Interestingly, the entire website (the host of the referenced paper) is currently unavailable, unfindable.

Brian H
September 26, 2012 6:01 pm

From an astrophysical POV, detecting methane traces in an atmosphere is an indicator of ongoing life processes, as it breaks down in a few years, so must be continuously refreshed.

September 26, 2012 6:26 pm

The bottom of the ocean leaks oil, methane, heck, even tar / asphalt all over the globe. They are such natural materials that specific forms of life have evolved to live off of such seeps over millions of years.
It has probably been part of the planet since before life existed:
we also have liquid CO2 plumes on the ocean bottom…
somehow I think that matters…

September 26, 2012 6:51 pm

Yes. Japan and Canada:
First production expected about 2018.

Now, fortune and technology may be smiling on the energy-poor country, with the discovery of an unconventional energy source that could possibly provide it with enough gas to meet its demand for 14 years. Japan, at least, has been working with that hope ever since it confirmed 40 trillion cubic feat of methane hydrates in the southern Sea of Kumano in 2007.
Next month Japan takes another step toward that goal, with the start of a four-month-long site survey for a four-well drilling project that runs from October 2011 to March 2012. If all goes well, a year later the survey and the wells will result in what Japan says will be the world’s first offshore production test of methane hydrates, with commercial output to start by 2018.

How much?

Wednesday, 24 November 2010 10:41 Takeo Kumagai, Platts
Global estimates “range from merely jaw-dropping to the truly staggering,” according to the U.S. Department of Energy. Canada is believed to have enough hydrates along its coasts to meet the country’s energy needs for a couple of hundred years.

About 2 x ALL other fossil fuels:
So the ocean bottom is just covered in the stuff.

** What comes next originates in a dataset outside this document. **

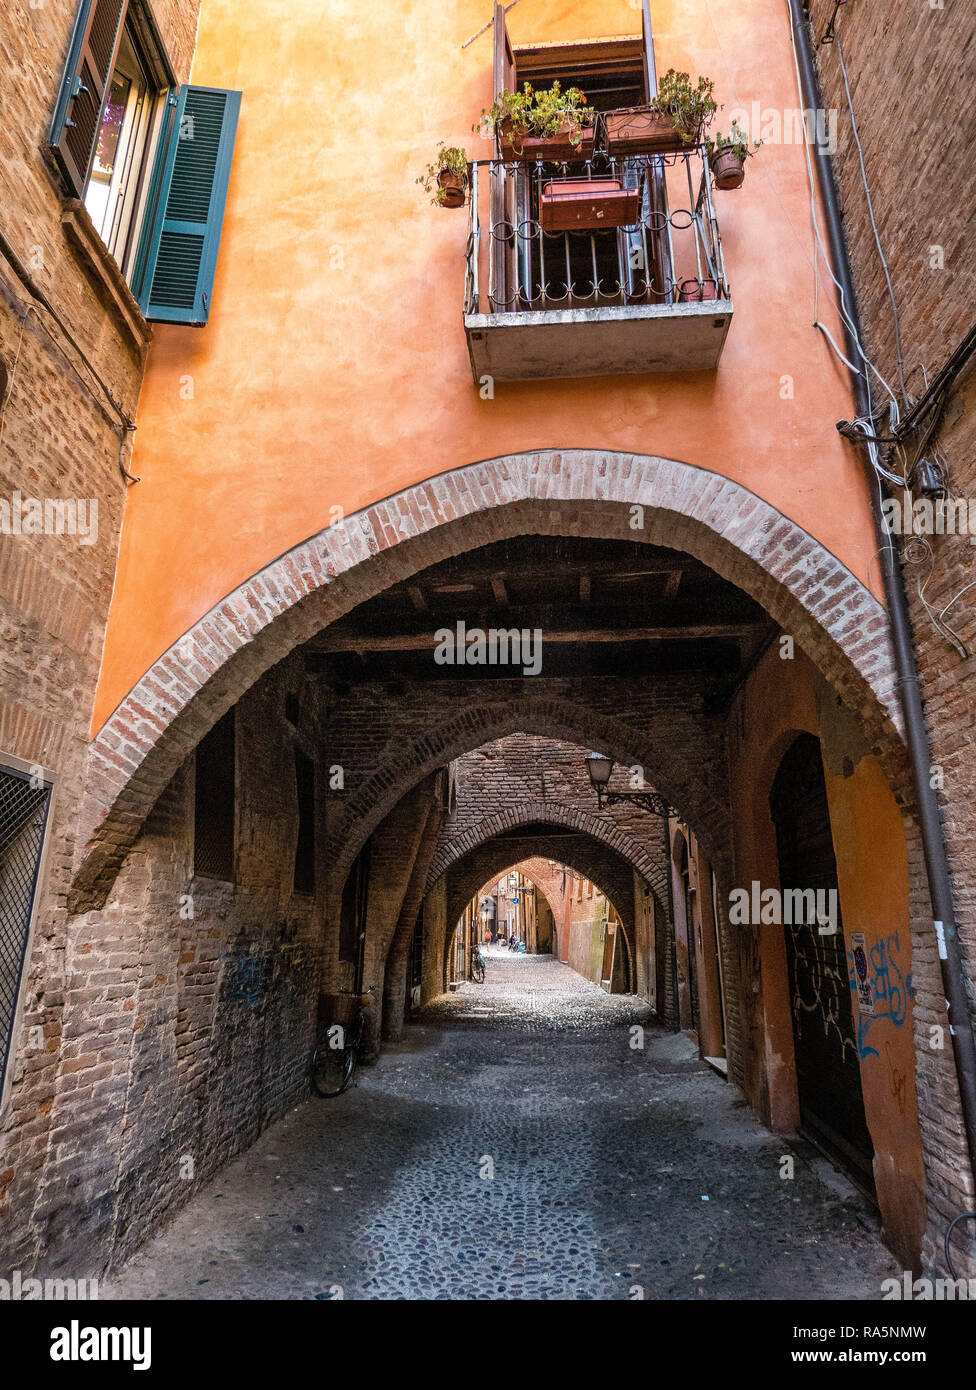 Narrow streets and arches in the medieval town of Ferrara, Italy Stock Photo

It bubbles up in amounts we can’t even measure (as does CO2 from the ocean bottom). We have no clue if it has any pattern of growth, reduction, or cycles. But just assume all methane and CO2 changes are due to people…

September 27, 2012 8:59 am
September 27, 2012 11:46 am

Malcolm, actually, it’s even WORSE than “the end of the world as we know it!” When you get down to the tail end of that article you find this: “even if it is released into the ocean rather than into the air (it will still equilibrate with the atmosphere, after a few centuries, converging to the same “long tail” CO2 trajectory ” ) And then the first two commenters lead off their observations with: “Sorry to say that it appears Katey Anthony is being a bit too conservative.” and “this is what has me up nights!”
The hype and the fear. Check out the first 15 seconds of this video and you’ll learn that we are in the middle of public health crisis bigger than the Black Plague! :
Can’t anyone just accept the idea that things might just possibly be NORMAL anymore?

Crispin in Johannesburg
September 29, 2012 3:39 pm

I really appreciate that link to the Russian paper on the abiotic origin of oil. The lab experiment shows that the theory was correct, that the hydrocarbons formed in the predicted ratios and at the temperature and pressure theoretically required.
My buddy Philip The Chemist said, “Yup! And, as usual, the formal thermodynamics of the Russians stands them in excellent stead.”
Oil is not a fossil fuel. Neither is almost all methane. The pressure at which the ratios of CxHy are found in oil from the ground corresponds to 100 km deep, well into the mantle.